CREATIVE GRANT RECIPIENT #030: ALUN HUGHES ->

With My Back to the Falls

Light springs and nudges an earlier margin onto the water’s landing.

The fall’s stone sounds a calmer note in the milden lime,

the old seabed giving way, shell by shale to flow,

granular fishbones cushioning this morning’s take on water.

These last days struck like glass steel in a 24/7 iron freeze.

So, I recoiled into her banks, I took a place in the damp

familiars, to wait again, a speck on the Atlantic lens,

for the swell of a seventh wave to loose me.

I empty the leaving boat and push it downstream.

The land lets in and I am at once stone settled,

up to my ears in it, mycelia to neuro stem, branch

locked overed branch, feeling the rips in the tide skin

opening to currents running elsewhere.

The Course to Naming a Brook

Something like you begins here, as a spring, running

from a pipe, buried through a drystone, brimming

a half-circle cow trough laid into the wall. Overspilt

in limestone silt, moss grown deep, haired with long grass,

you’re a last mammoth, leaning into an era’s end.

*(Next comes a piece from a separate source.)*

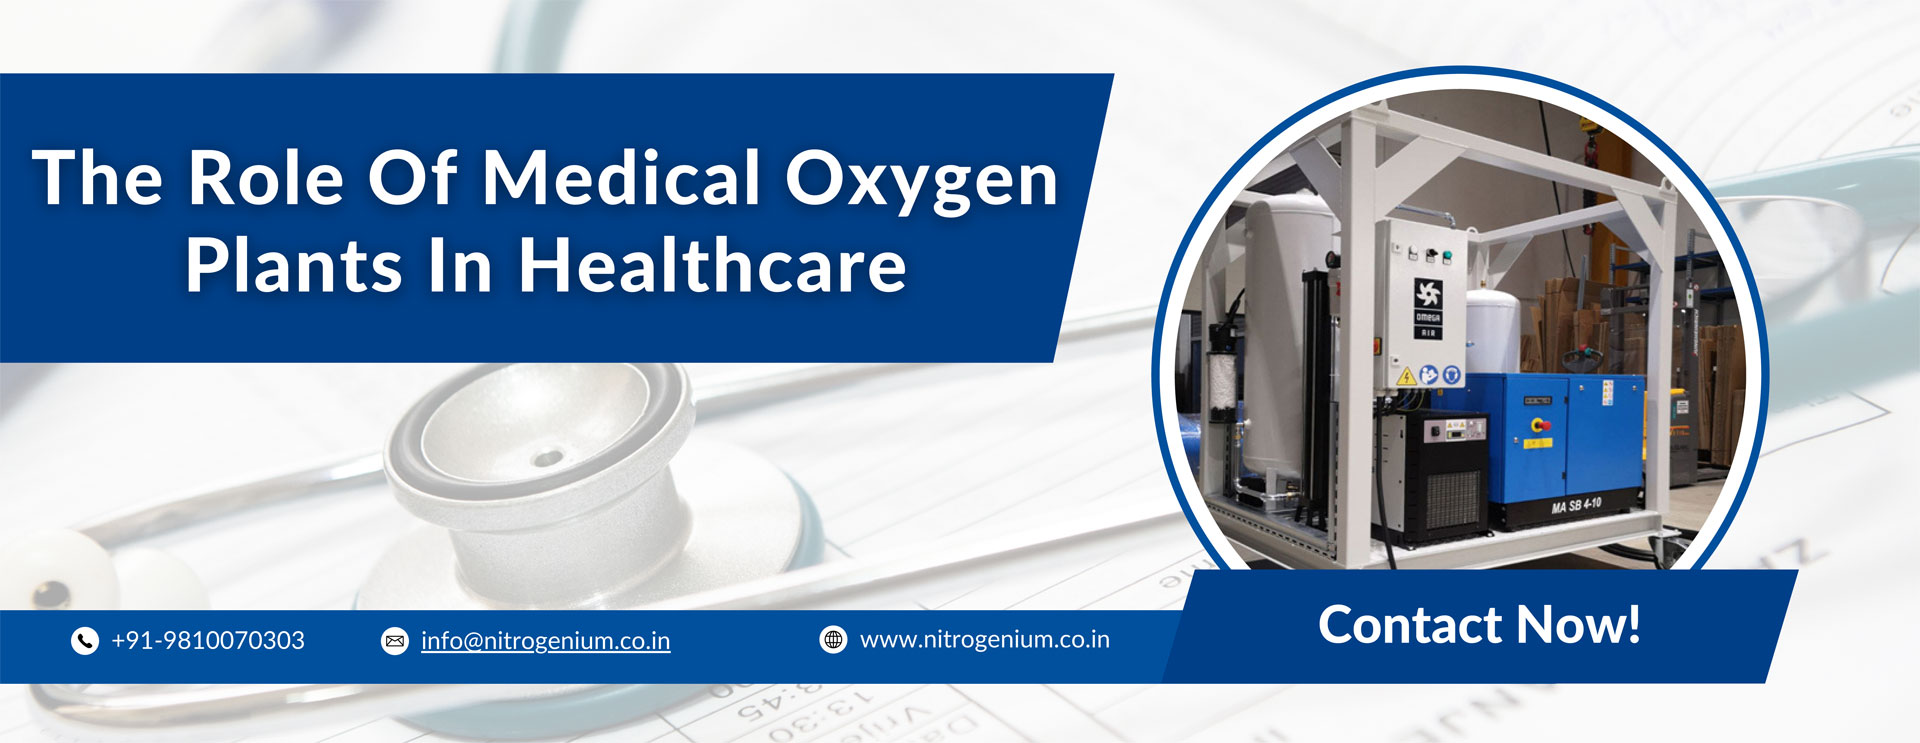 The Role Of Medical Oxygen Plants In Healthcare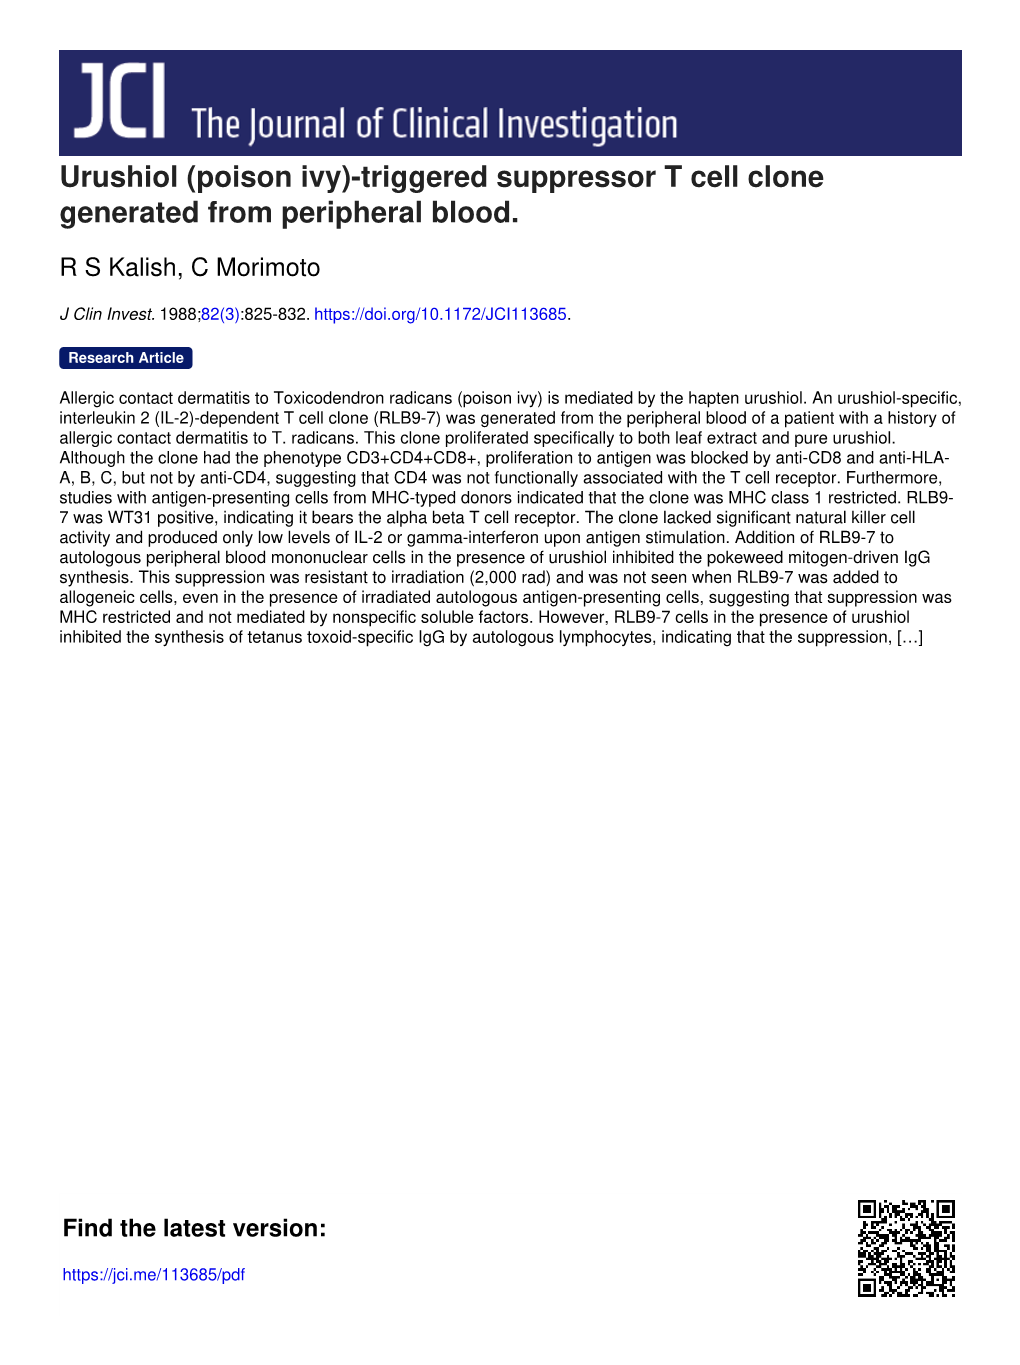 Urushiol (Poison Ivy)-Triggered Suppressor T Cell Clone Generated from Peripheral Blood

Or what I see when I listen to some cellular reverb plying atomic time.

Or random memory. Or a limestone trough, with this man stood in front,

hearing a quiet corner of the Dryhill field, under the Havens’ house.

The moss wrings itself out and you well in hoof-prints,

smoothing them down and begin your fall again. You let slip

under the elder hedge, hop down a half dozen faezy pools,

as wide as hands pushed into the bank. You are only water now,

a membrane wetting the boot-smooth, ragstone path,

before a switch back, down a sheep drove track and disappearance

into your sound’s pooling. You go through the houses’ clearcut,

under elder nettle briar, the air full of flight, bees

on the bramble flower and a pair of Cryptic Wood Whites,

who flit out and over the old man’s beard like eloping brides.

Meadow browns hang down on blood-green dock leaves until it stops.

The wood appears, the light drops and you reveal yourself,

a full twelve strides wide, as a roll-stone rattlebed of ovalled fists.

I wait on the edge of you, for time, in the ash scrub,

where each stem, ivy-clamped in varicose jackets, hangs

heavy with fallaway vine. I listen for your leak-trickle

through barbed wire, into sound in the next clearing.

The bramble push-over waves, crest astral,

blackberry milk-pink flowers, docking with the hive.

From under them, a bedrock surfaces, like a whale’s head,

its skull ridge heavy, stepped downhill in your song’s mirror.

Stream as sound, sound as briar wave, as stone sound,

your polyphony falling faster, louder now, plummetting

the lumpen shelves, like a hurried explanation and making

for the relief of the meadow’s slowing. I clamber into you here,

head for a home in your leaps, where the human path

crosses your stones, scattered and dam-strewn,

turned and turned again in re-arrangement.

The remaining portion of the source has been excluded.